PROVIDED MATERIAL
============================================================

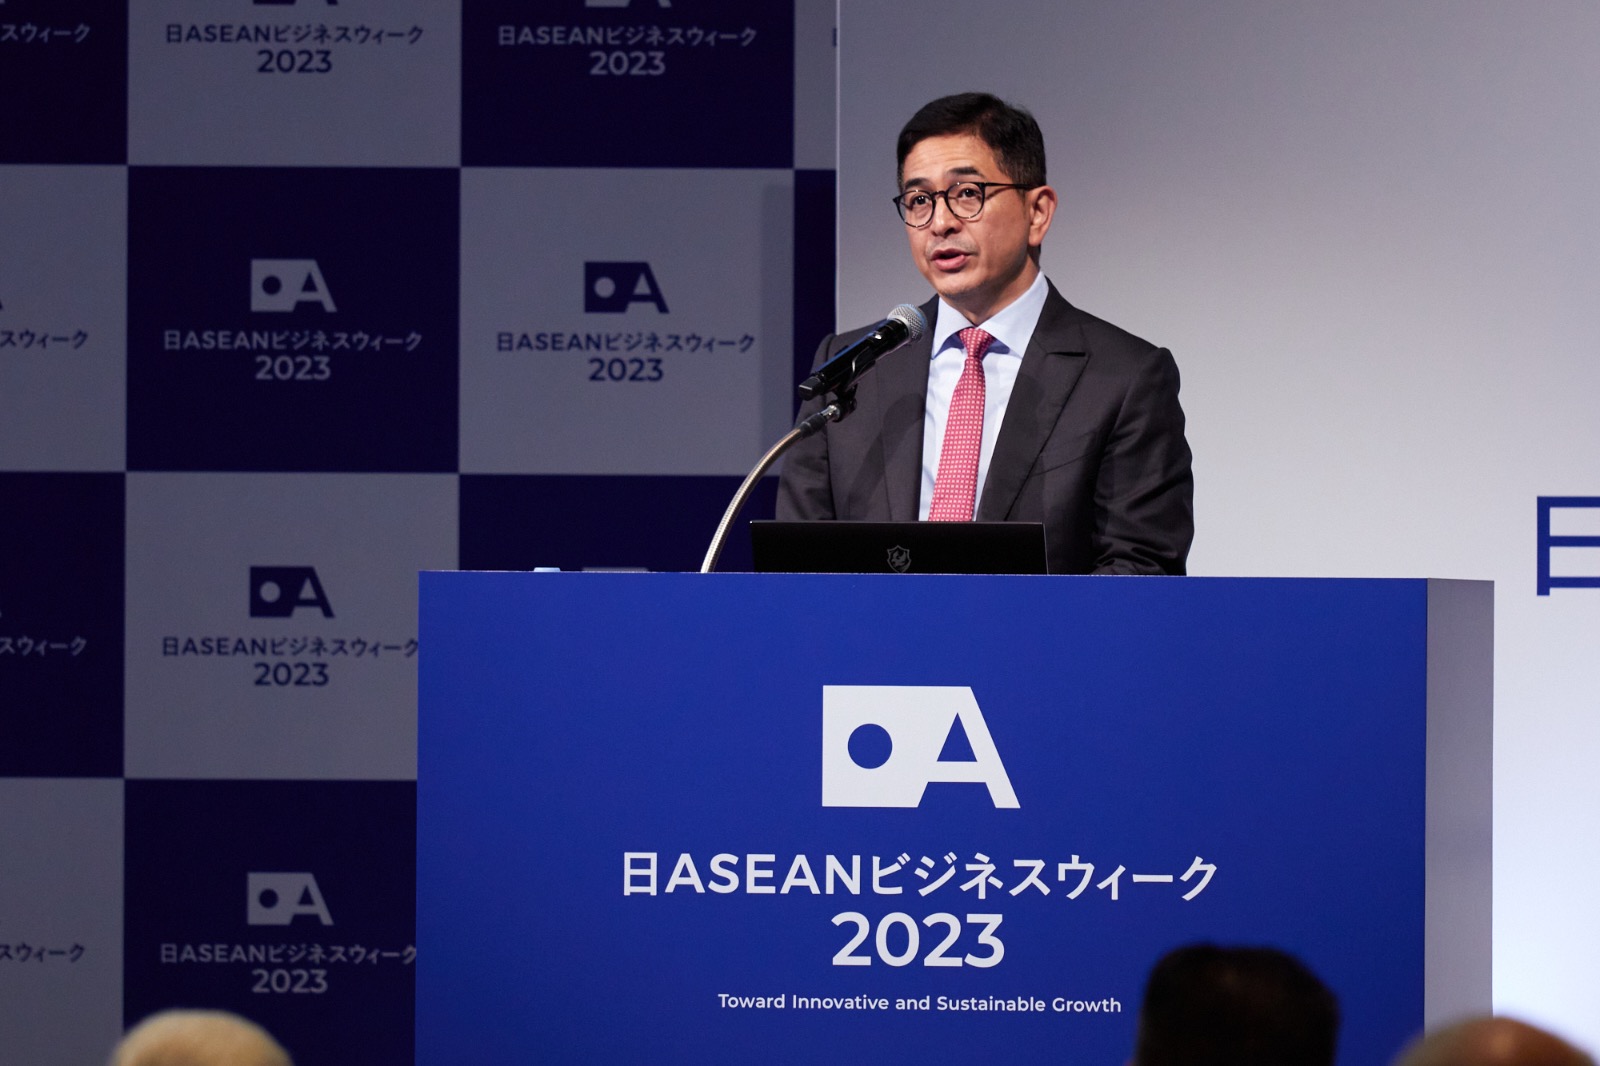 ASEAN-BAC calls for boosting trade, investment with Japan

============================================================

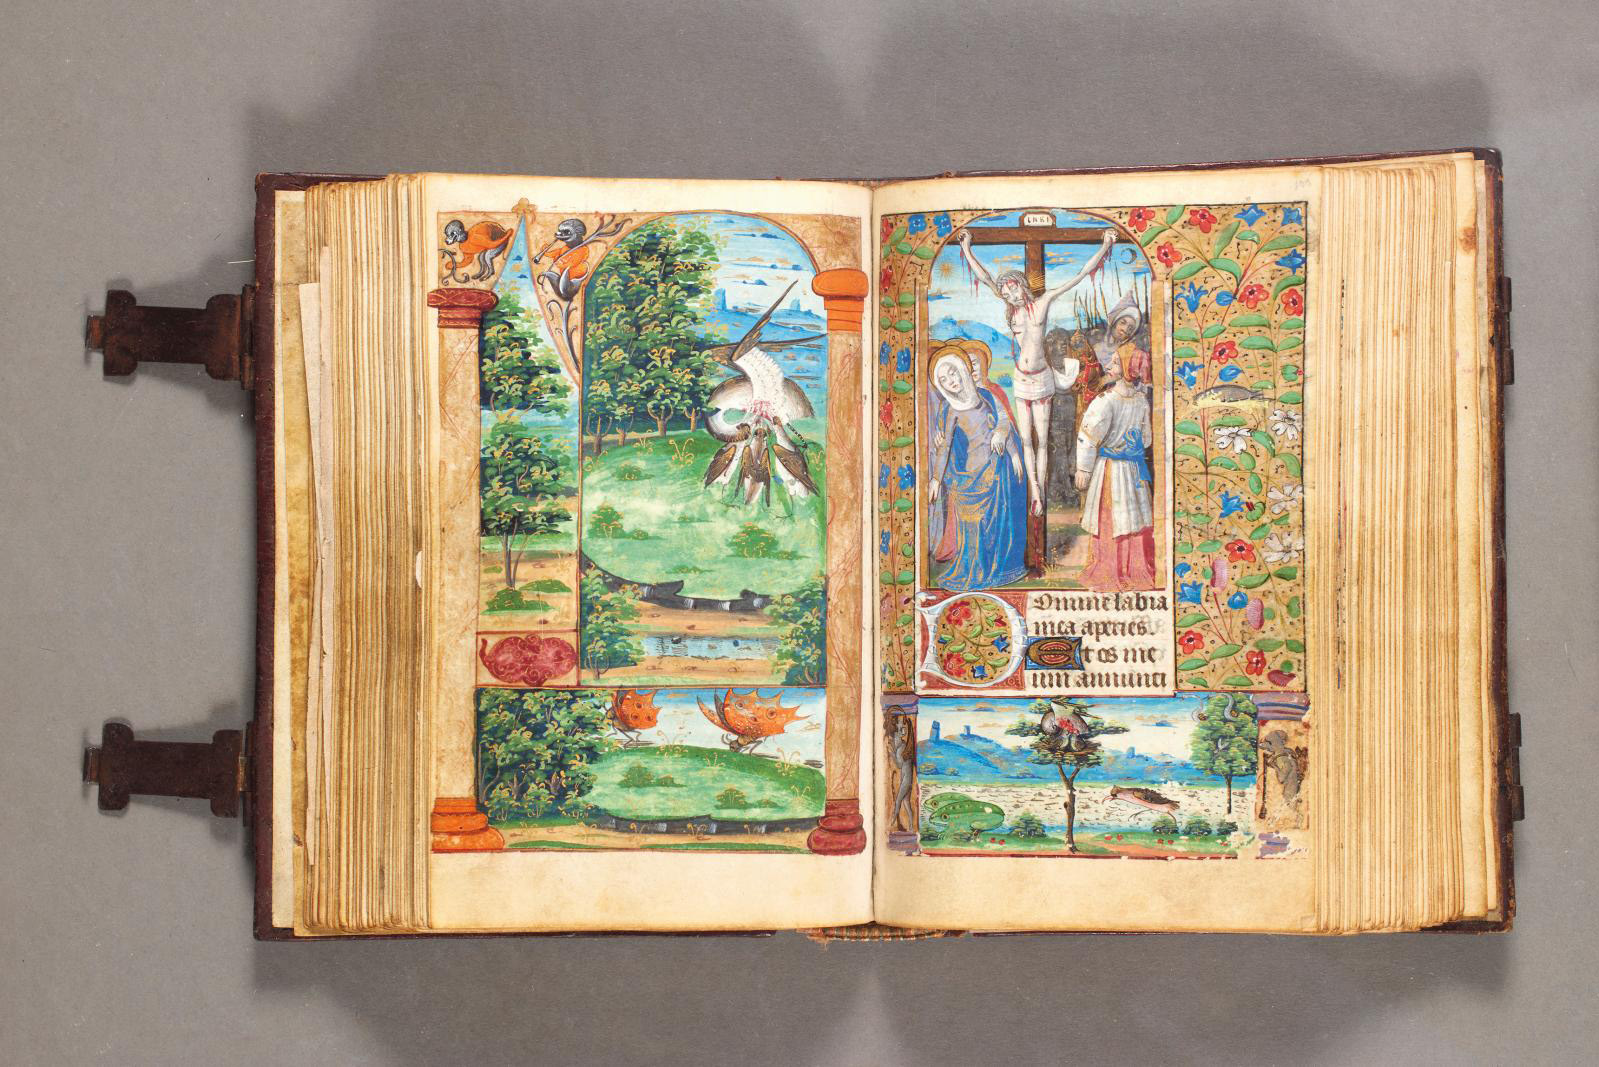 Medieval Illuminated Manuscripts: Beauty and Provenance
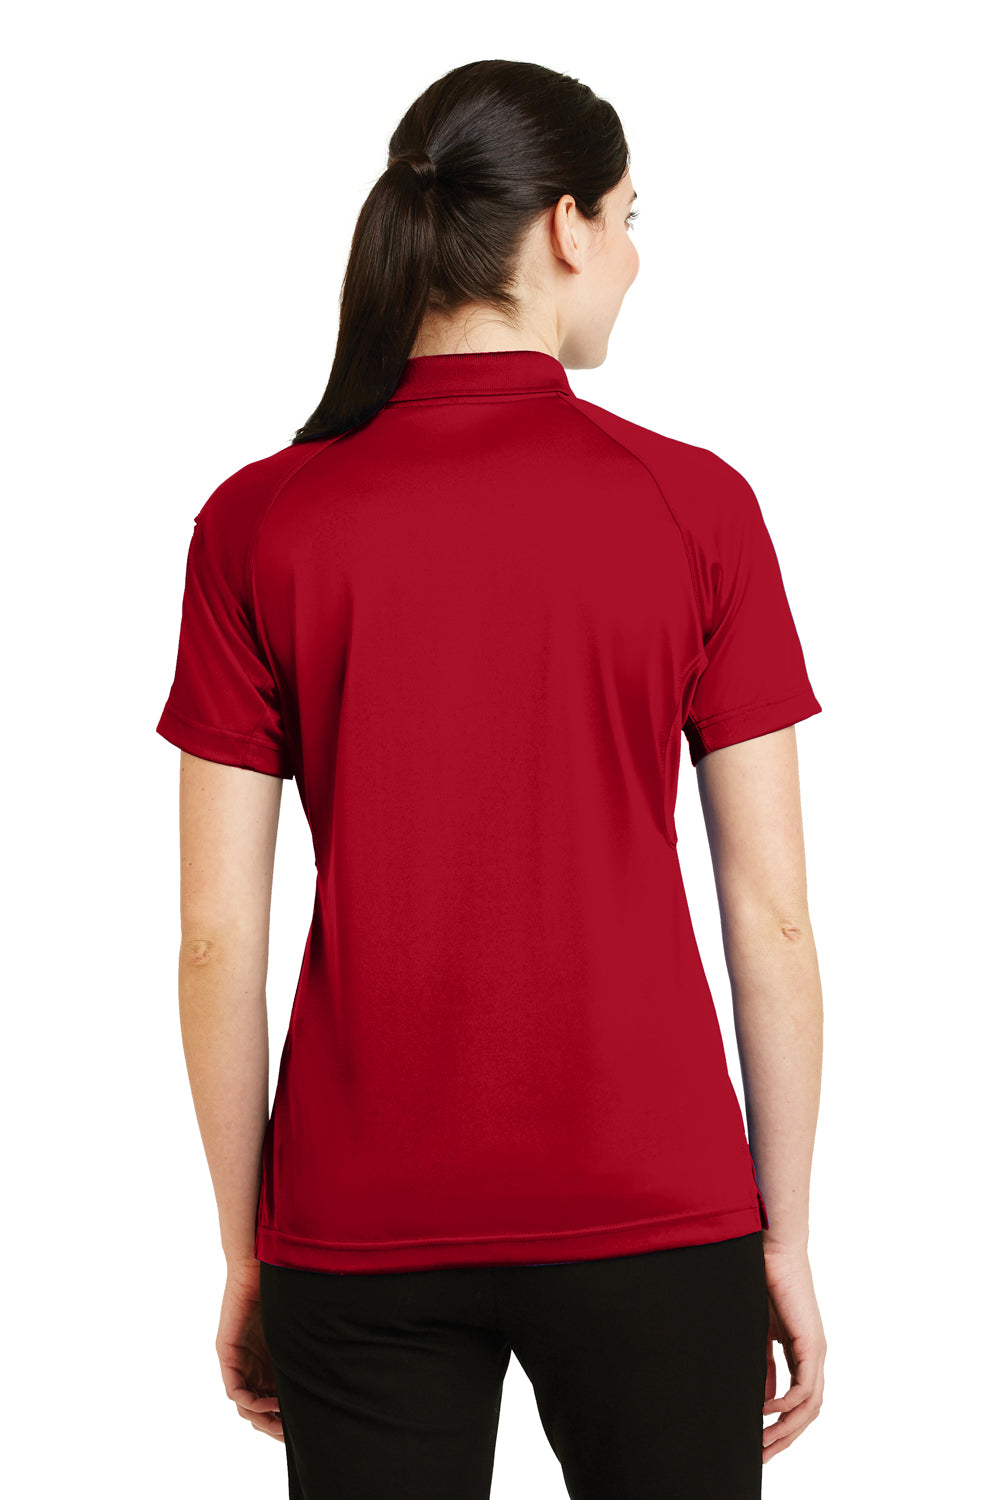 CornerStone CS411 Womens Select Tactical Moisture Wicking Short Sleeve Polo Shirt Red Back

============================================================

WHAT TO PRODUCE
All that should appear in the answer is the lines above from the line with "Medieval Illuminated Manuscripts: Beauty" through the line with "CornerStone CS411 Womens", retyped exactly, pictures left out.

RESULT
 Medieval Illuminated Manuscripts: Beauty and Provenance
 CornerStone CS411 Womens Select Tactical Moisture Wicking Short Sleeve Polo Shirt Red Back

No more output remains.